Senators working on the economic development budget also raised questions about $10 million the House wants to spend on "space infrastructure facilities." The money would go to improvements at Kennedy Space Center, according to Rep. Clay Ingram, R-Pensacola.

But Ingram, House chairman of the conference committee dealing with the issue, didn't directly answer questions from his counterpart, Sen. Jack Latvala, about whether the improvements were connected to a specific effort by state officials to attract a space-related company.

"As I have told you earlier, $10 million is what you call real money...I don't think the Senate will be comfortable with agreeing to that particular item until we have a little more information about it," said Latvala, R-Clearwater.
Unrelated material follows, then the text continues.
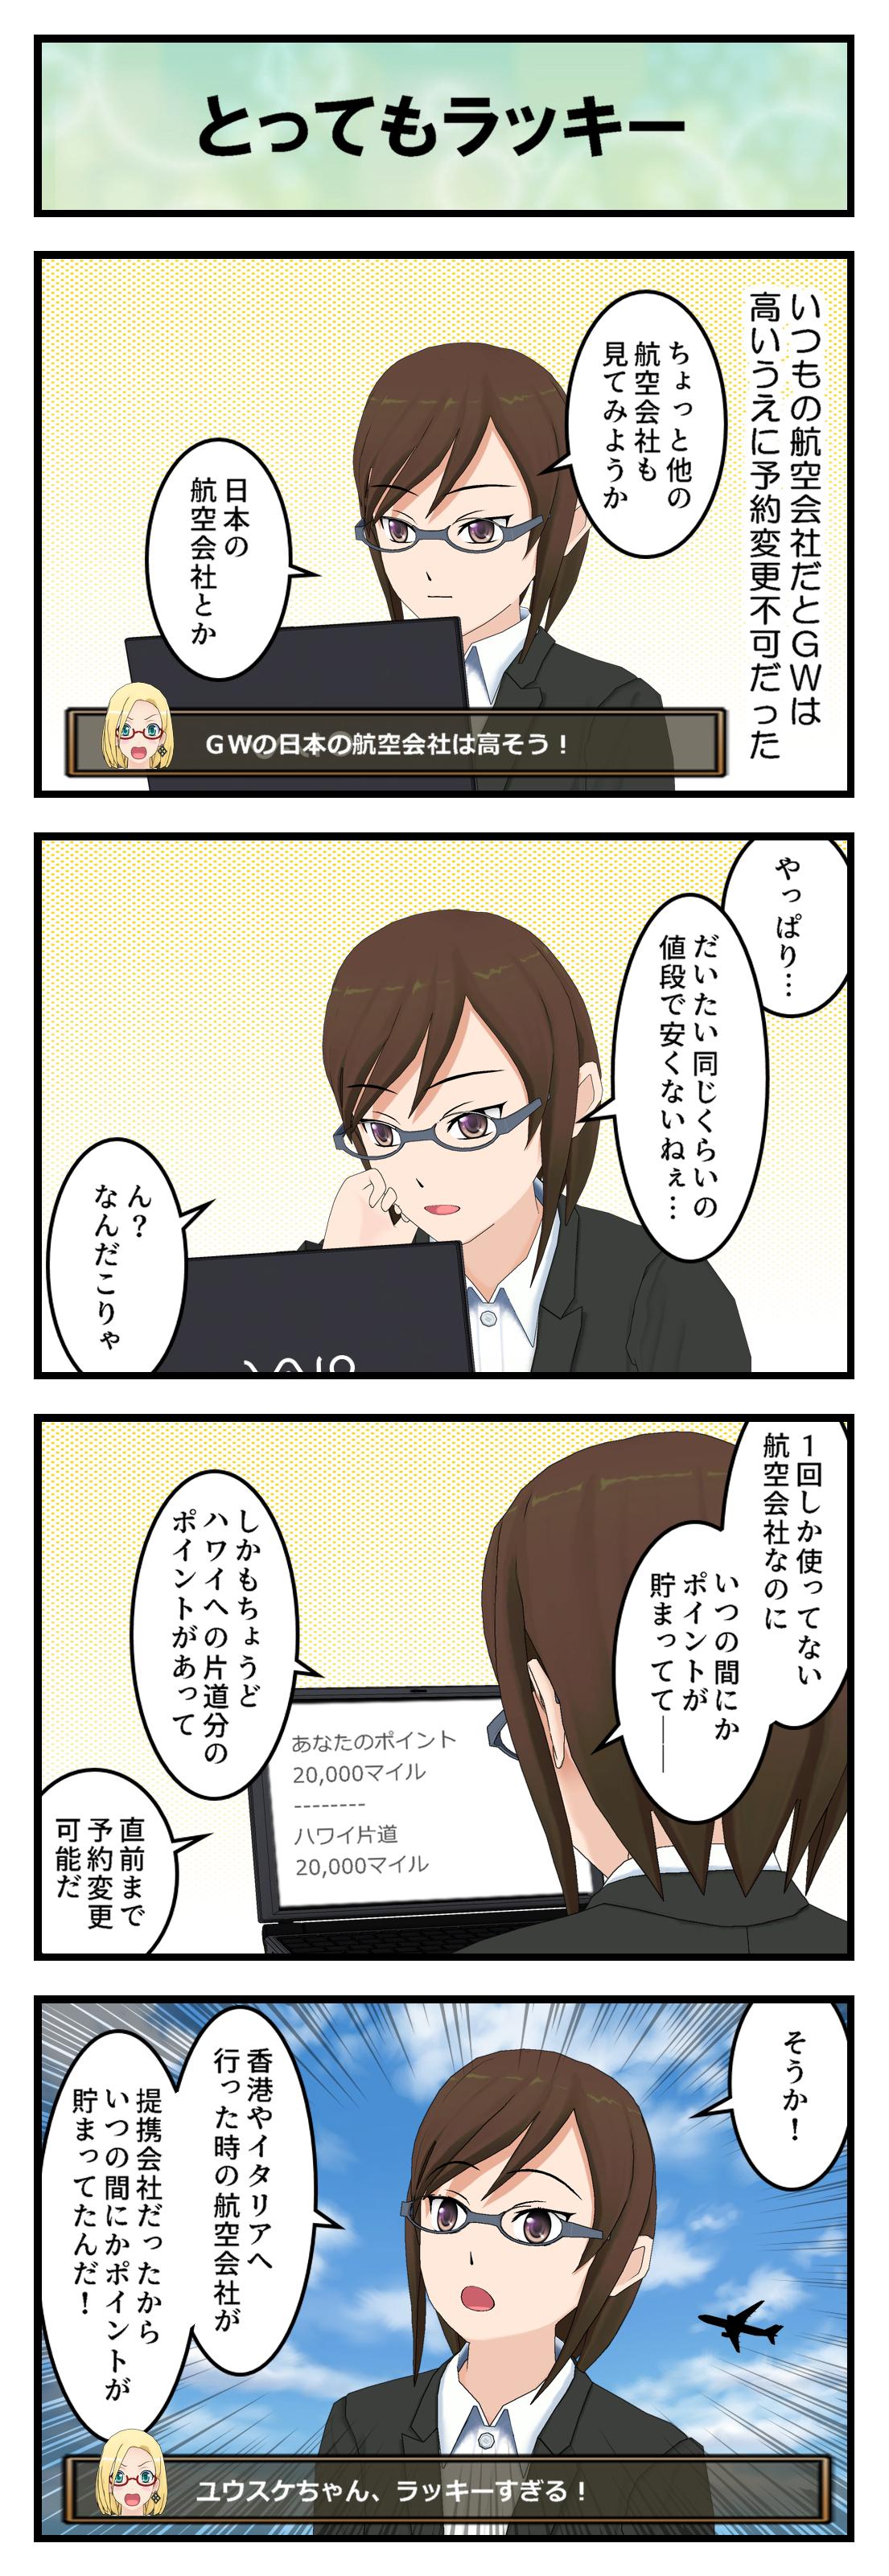 Q166_飛行機調べ中JAL_001

Meanwhile, House and Senate lawmakers trying to hammer out an education budget struck on an area of disagreement that emerged Saturday, when the Senate looked to add several policy measures into a one-year budget-related bill.

The Senate proposal would broaden eligibility for personal learning scholarship accounts, which help parents of students with disabilities pay for educational services; put new limits on four-year degrees offered by the Florida College System; and require Florida school districts to teach students about the Sept. 11, 2001, terrorist attacks.

"Many of the new issues are not directly related to the budget and, to whatever extent we can, if they haven't been vetted by a House policy committee, we've trying to avoid that process," said Rep. Erik Fresen, R-Miami, who heads the House's education budget panel, said Sunday.

Several of the committees are expected to meet again Monday. If the conference committees can't finish their work by Tuesday, House Appropriations Chairman Richard Corcoran, R-Land O' Lakes, and Senate Appropriations Chairman Tom Lee, R-Brandon, will begin negotiating directly.